I nodded. This was how most of us felt.

“And I think it might help people like Venkat Uncle to feel some small measure of resolution.” Her eyes suddenly looked huge and strange. “I feel bad saying this. He lost everything. But he’s a pathetically sad person.”

“We should talk about you,” I said, bluntly, but it was what both of us wanted.

“I suppose, eh? I leave day after tomorrow.” She smiled and sighed. “So problem numero uno is Dev, everything we were going through. And then I came to that resolution, this spring, told myself to stop hoping against hope that anything about him would change.” She bit a cuticle, looked at it, sat on her hand. “And then, last week, here in Lohikarma, I ran into an old friend. Adrian. You met him, remember?”

The young man at the coffee shop.

A high school buddy from the smart kids’ crowd: school newspaper, chemistry club, skinny wiseacres, quasi-misfits. Adrian had gone west, after high school, apprenticed as a boat builder while ambling through an undergraduate degree. Now he was finishing medical school in Toronto. He was to have spent this summer in Europe with his girlfriend—he referred to the girlfriend at their first meeting, while Brinda somehow didn’t manage to mention Dev—but now she had gone on the trip without him while he came back to Lohikarma to help his parents.
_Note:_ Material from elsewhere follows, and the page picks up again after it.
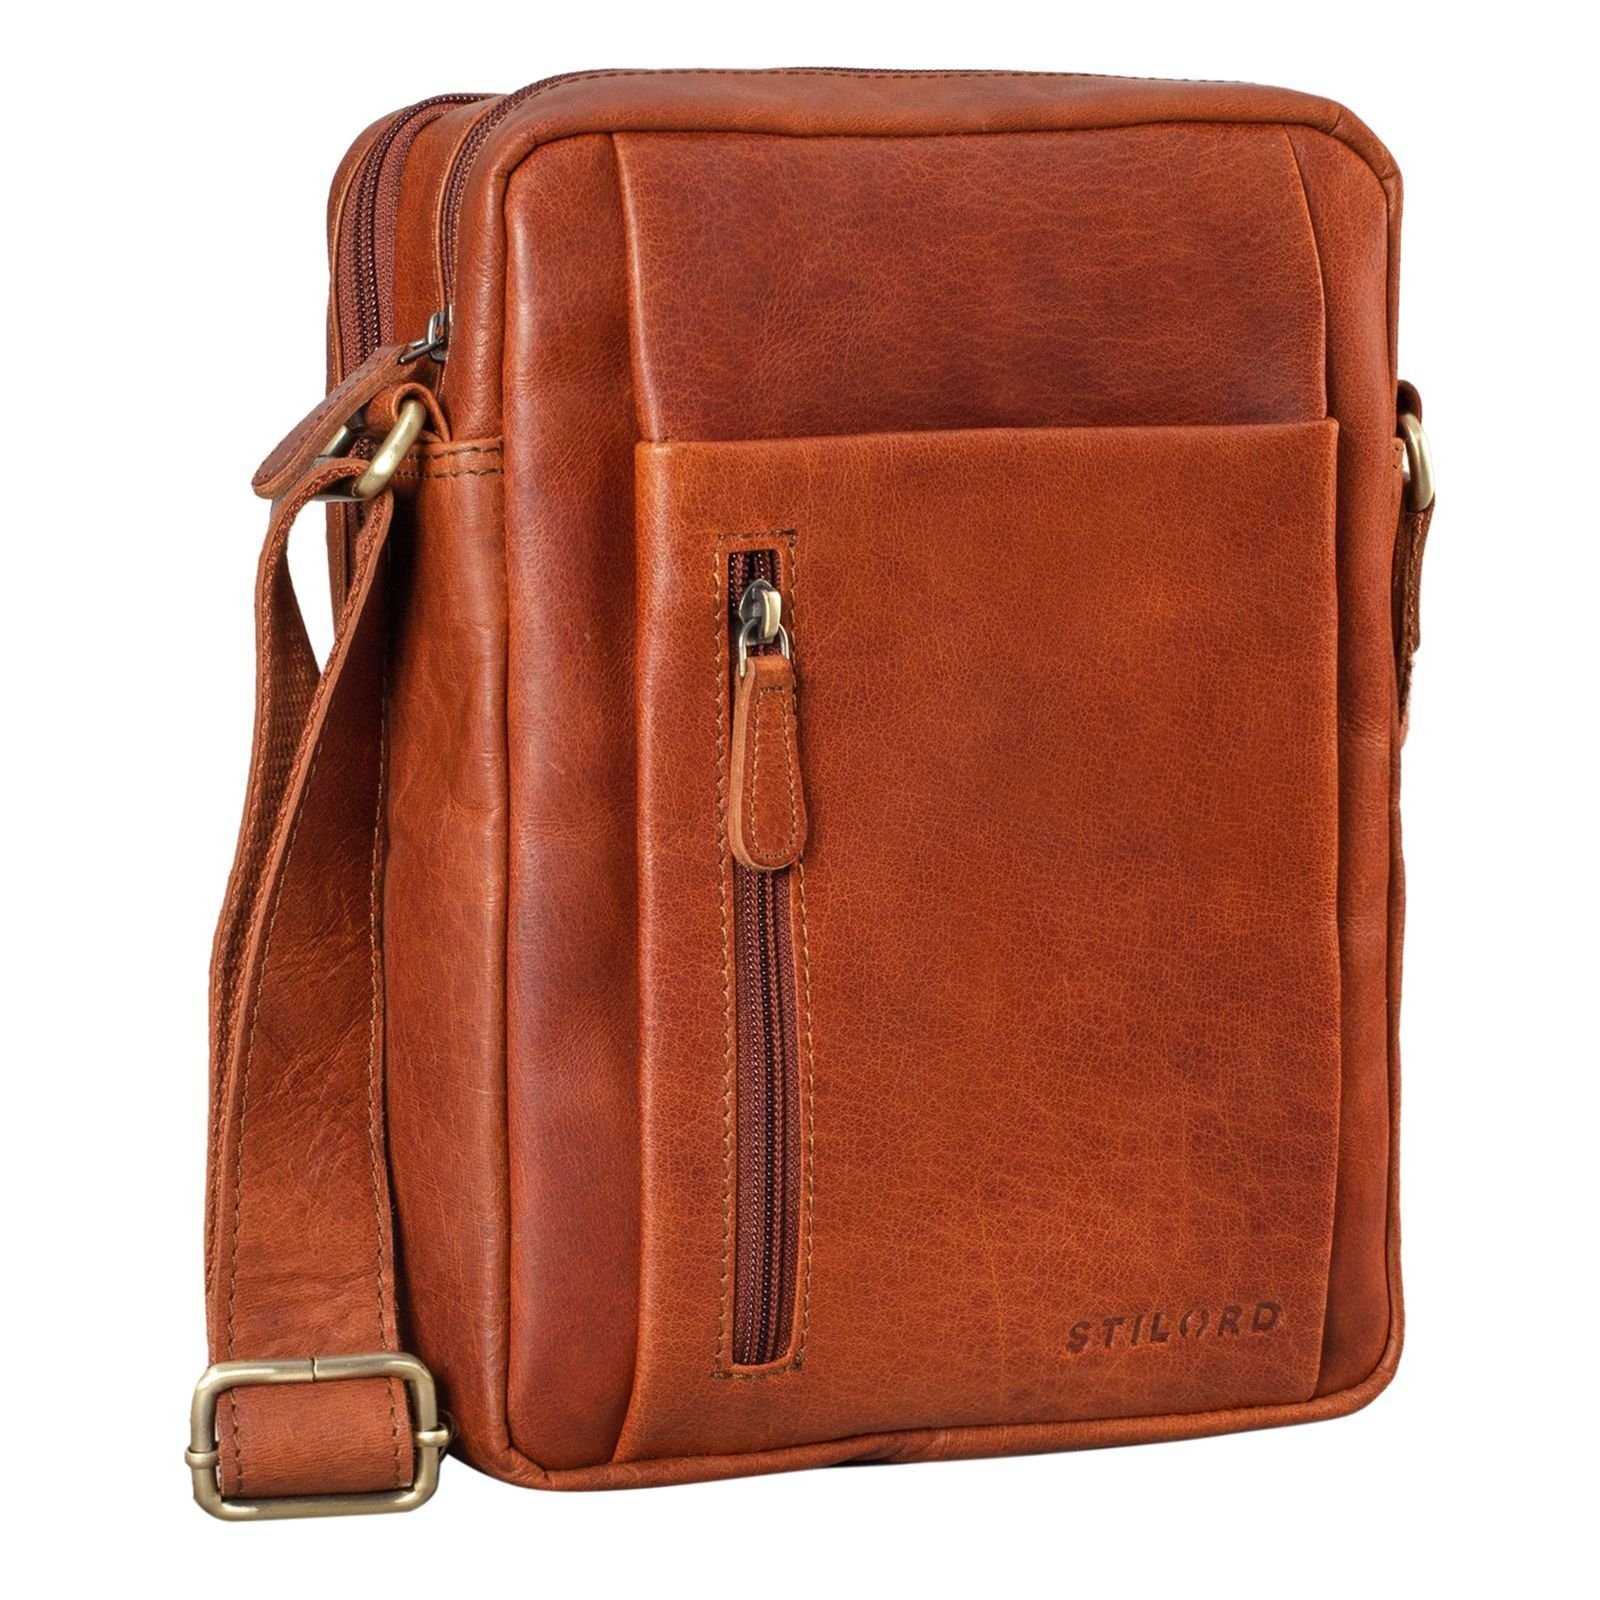 STILORD Messenger Bag "Irving" Vintage Leder Tasche Klein maraska - braun

His father, a fruit farmer, was dying of cancer.

It had been ten years since he and Brinda had last seen each other. He had the same curly hair and green eyes, but the solidity of adulthood suited his frame, which had been gangly and awkward when they were teens. She recalled a little crush on him back then, but she had little crushes on lots of boys. Doubtful that many turned out as nice as this.

Initial conversation was easy, bridging topics old and new, and he asked if they might get together sometime. He had left Lohikarma so young that he had only a few friends still in town.
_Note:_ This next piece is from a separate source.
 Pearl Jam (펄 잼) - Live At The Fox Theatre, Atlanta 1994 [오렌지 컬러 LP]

The next night, they met at an old drinkers’ haven that Brinda had frequented in university, The Minter’s Arms, one of the last High Street strongholds. The bar was brightly lit; the carpet red and gold with themes of empire.
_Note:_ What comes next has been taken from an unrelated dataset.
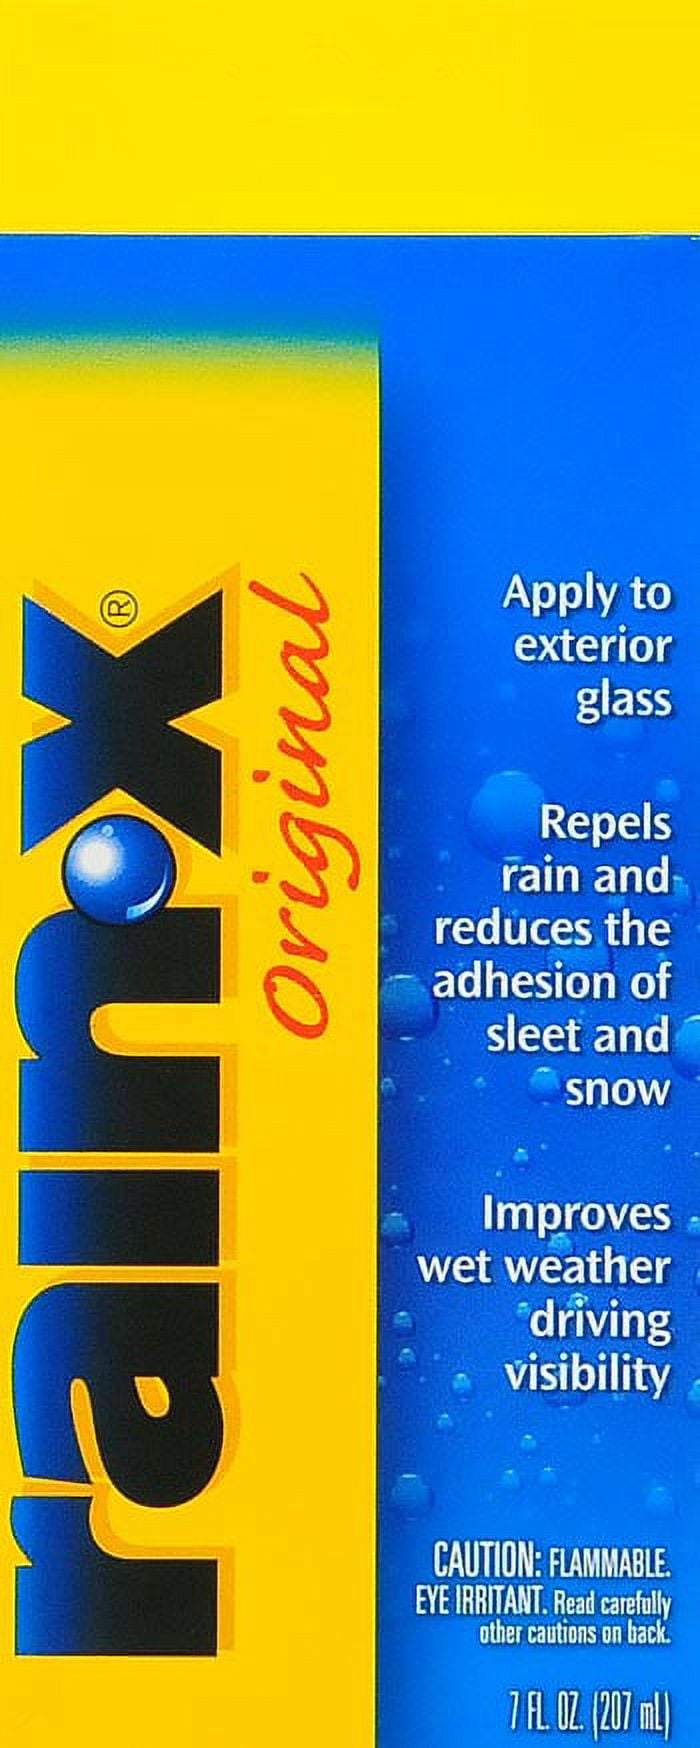 Rain-X Original Glass Cleaner Treatment Improves Driving Visibility 7oz.  Bottle for sale online

Adrian looked across the room as he sipped his beer. “Play pool, by any chance?”

“I have done,” Brinda said with a note of calculation.

“You’re probably really good,” Adrian said.

“That wasn’t what I meant,” she said, and
thump-tha-thump
she felt she had to wreck this, now,
wreck it!
—at least a little. “My—my husband and I play sometimes.” Her mouth felt tense and she folded her lips in and pursed them. “I really am not very good at all. But then, he’s a bit of a sore loser.” She breathed through her nose.

Adrian lifted his beer glass to look through it. They were in their thirties. Everyone had a history. Friends had died. Others had had babies early and divorced. Others had ended up happy—fancy that. Life was
approaching its midpoint and not becoming any more transparent with the years.

“And what does he do?”

“Lab tech. University of Alberta.”

He nodded, she nodded.

“Let’s play,” she said. “Table just came free.”

“I’ll get quarters. You go stake it out.” They got up and went in opposite directions.

“Will your husband come to Baltimore with you?” he asked, later, in the car. She had walked downtown to meet him and now he was dropping her at home. His parents still lived out on the farm, a twenty-minute drive from town.

“Nope.”

He waited a sec. “Separation’s no fun.”

“I guess not.”

She asked nothing about his girlfriend, and chided herself for this later as she replayed the evening, chin on her knees in the window seat of her childhood room.